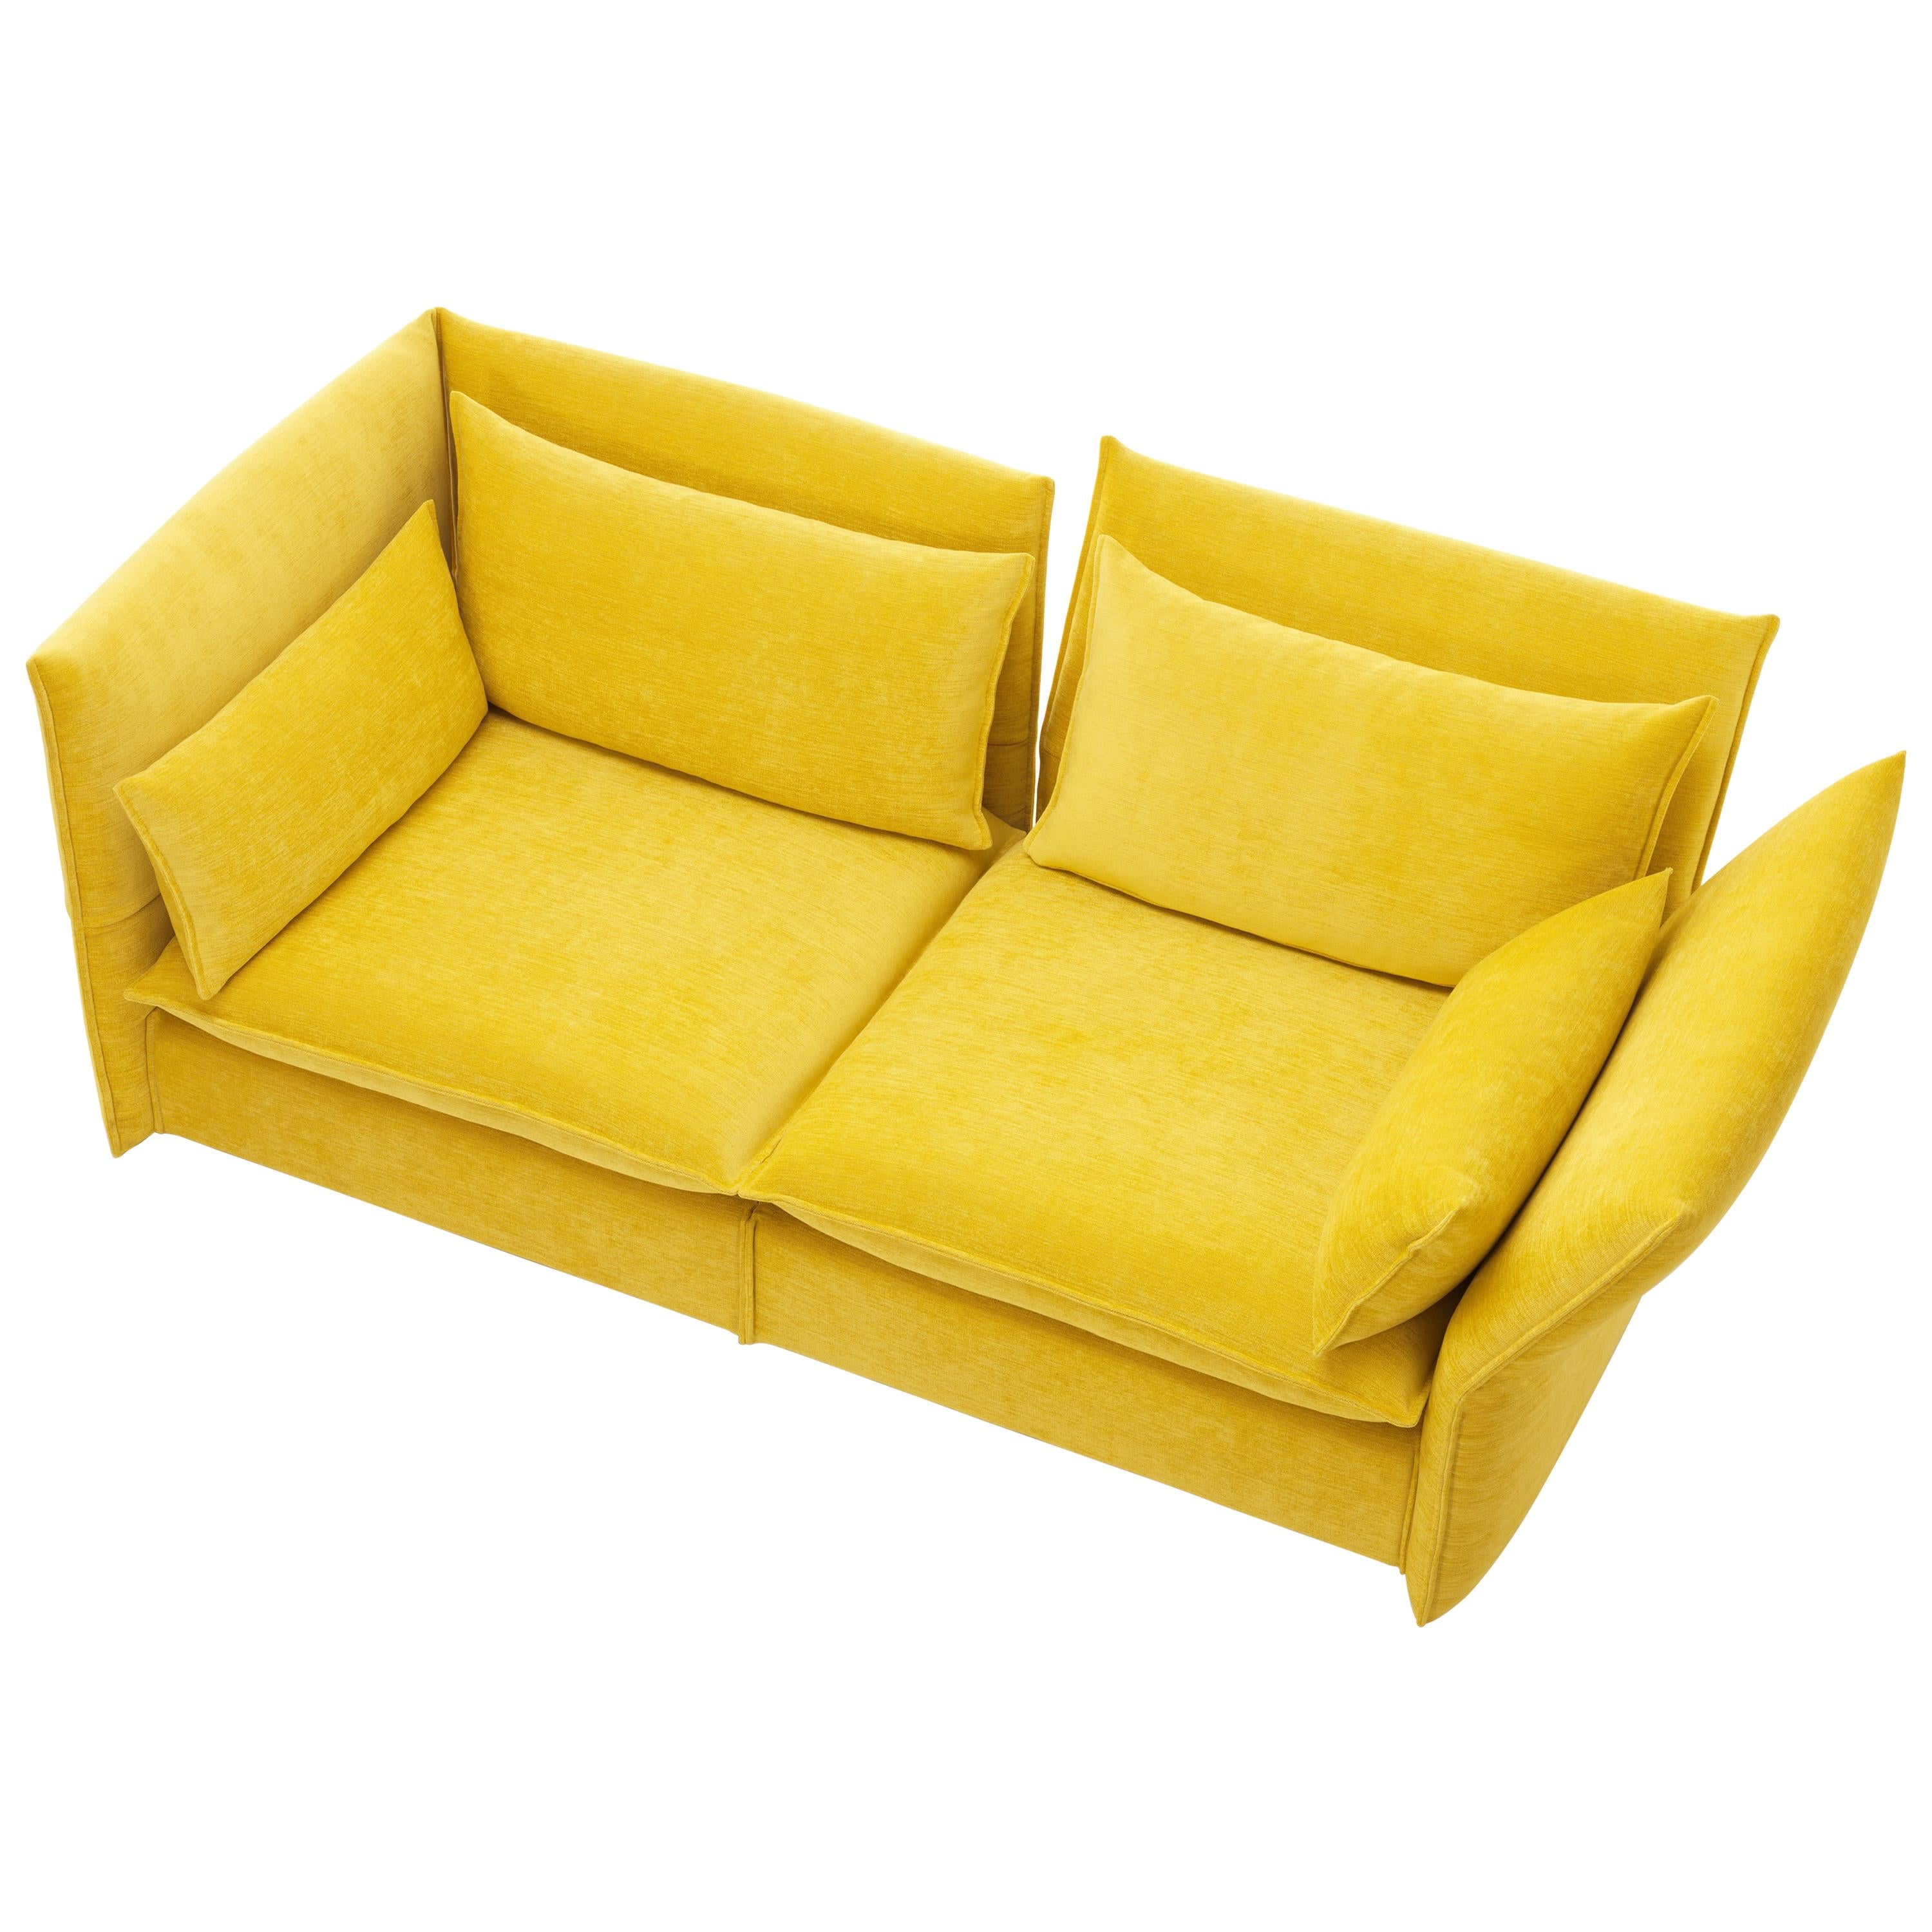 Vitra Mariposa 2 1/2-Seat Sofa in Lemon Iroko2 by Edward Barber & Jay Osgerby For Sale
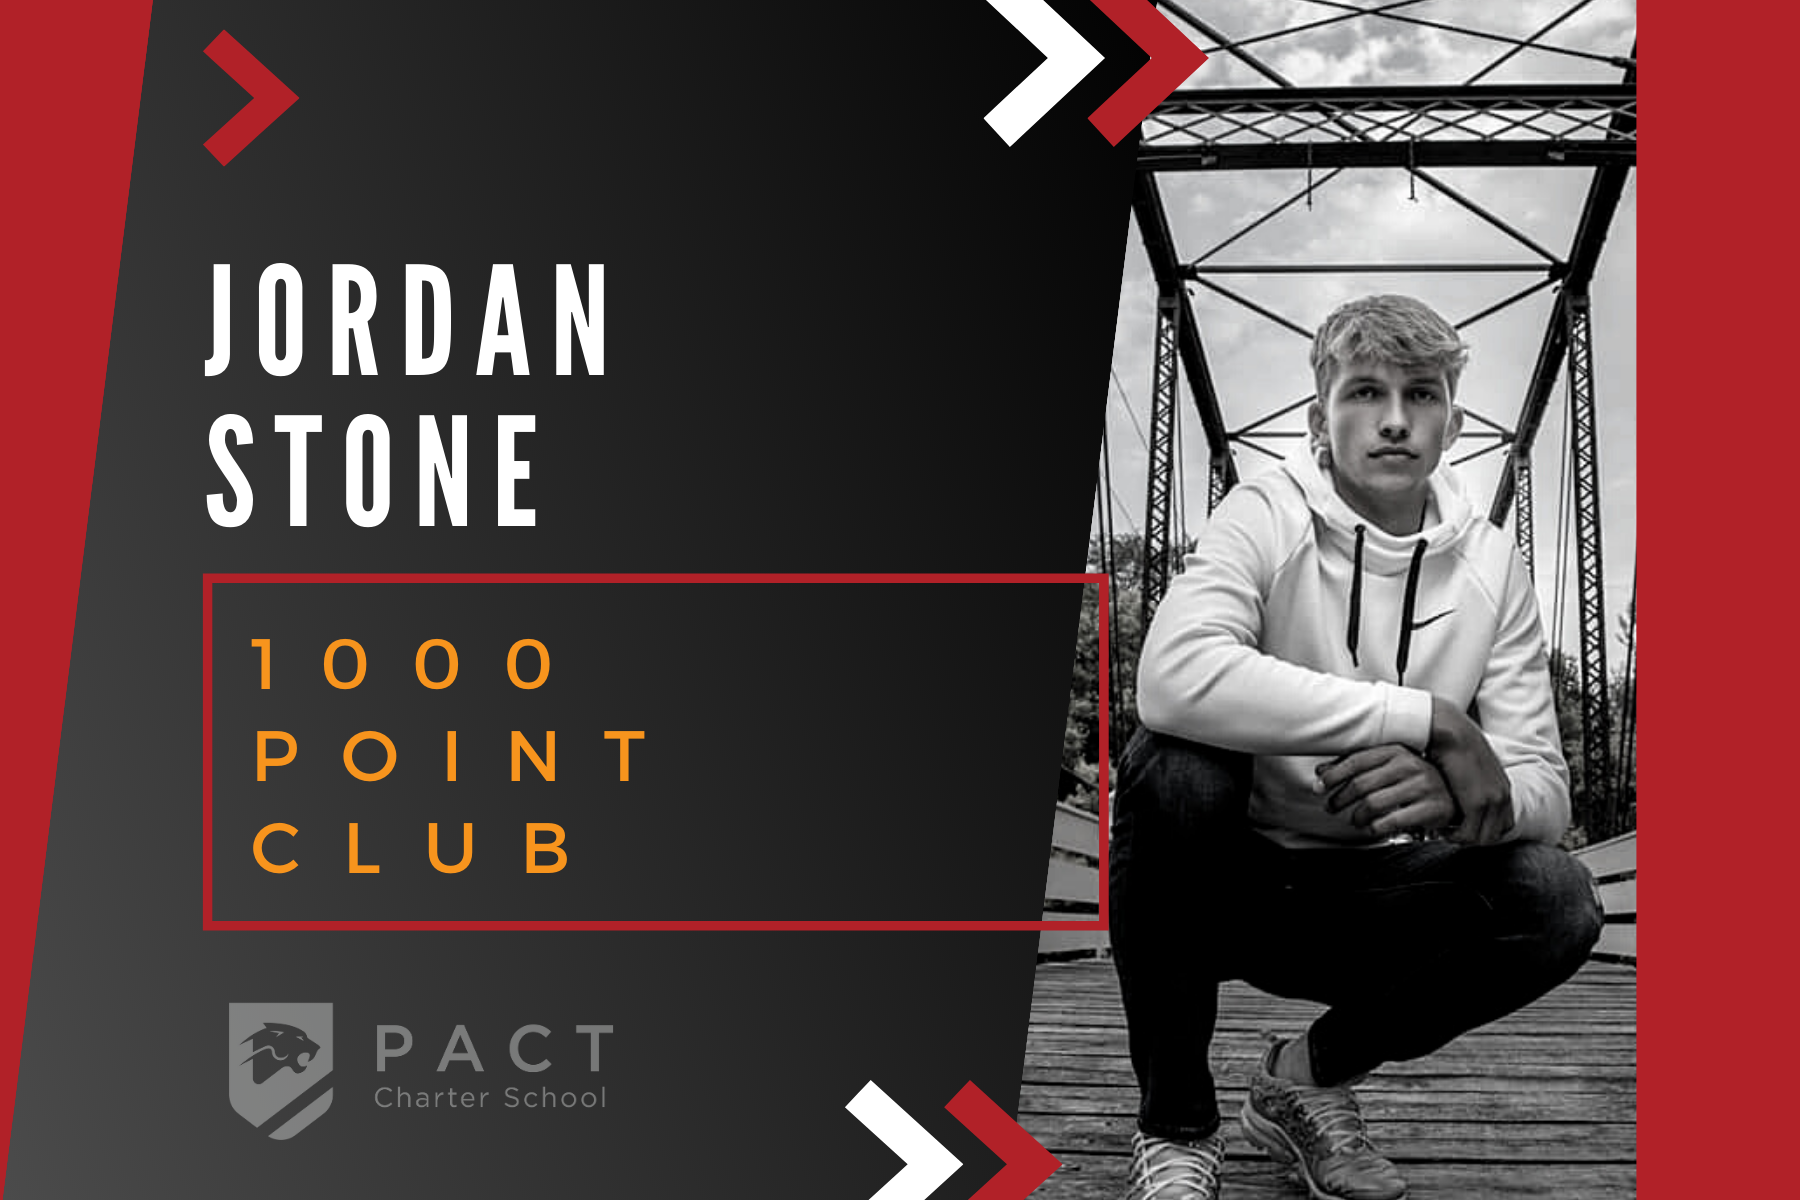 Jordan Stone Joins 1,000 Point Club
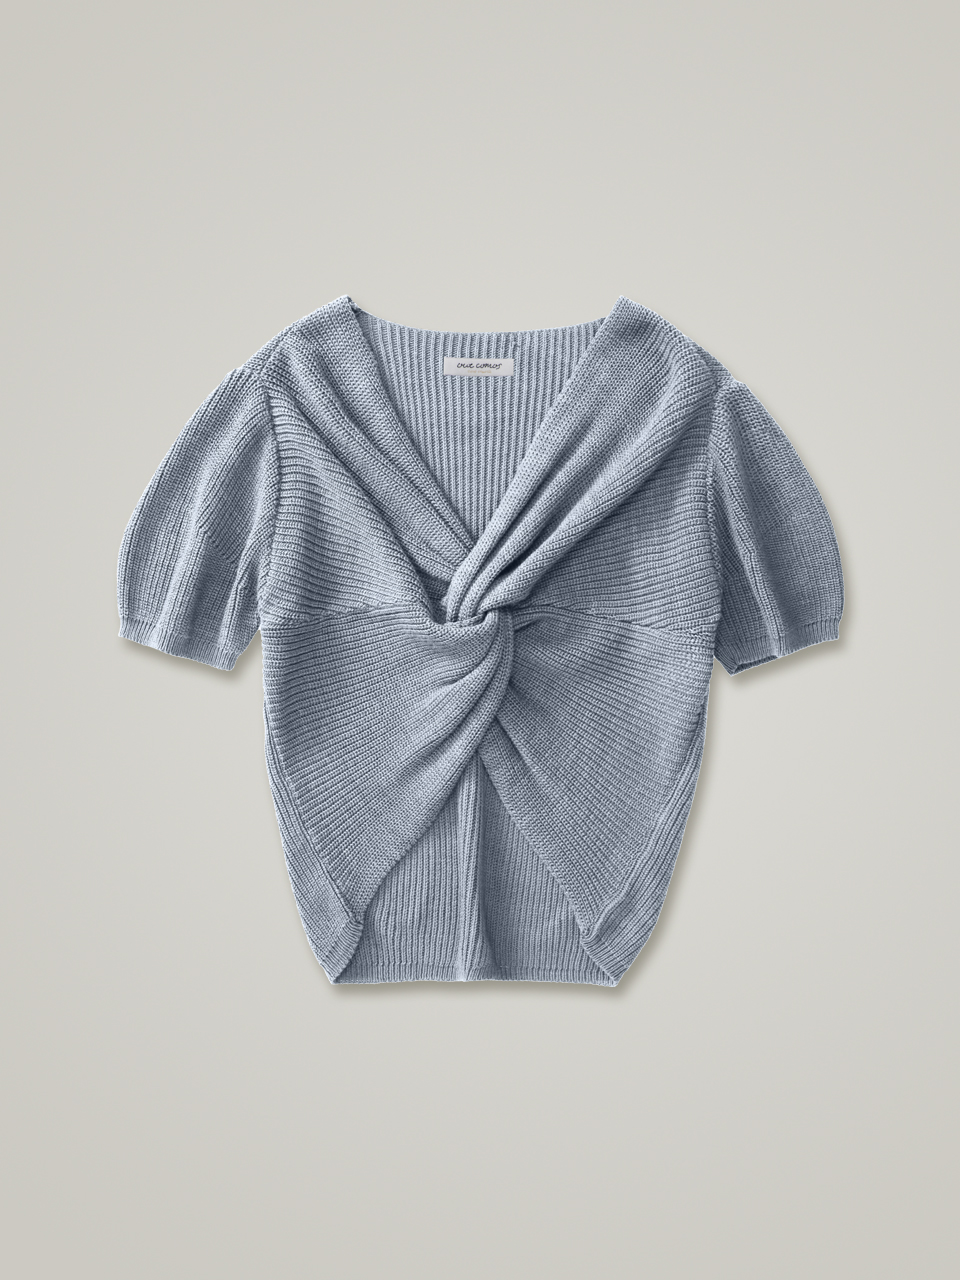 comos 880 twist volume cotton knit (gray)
+++++
Exercise details
Extract word for word every line from the line that contains "Jordan Stone Joins 1,000 Point Club" to the final line of the data, both included, and nothing else; skip the pictures.

Exercise result
 Jordan Stone Joins 1,000 Point Club
 comos 880 twist volume cotton knit (gray)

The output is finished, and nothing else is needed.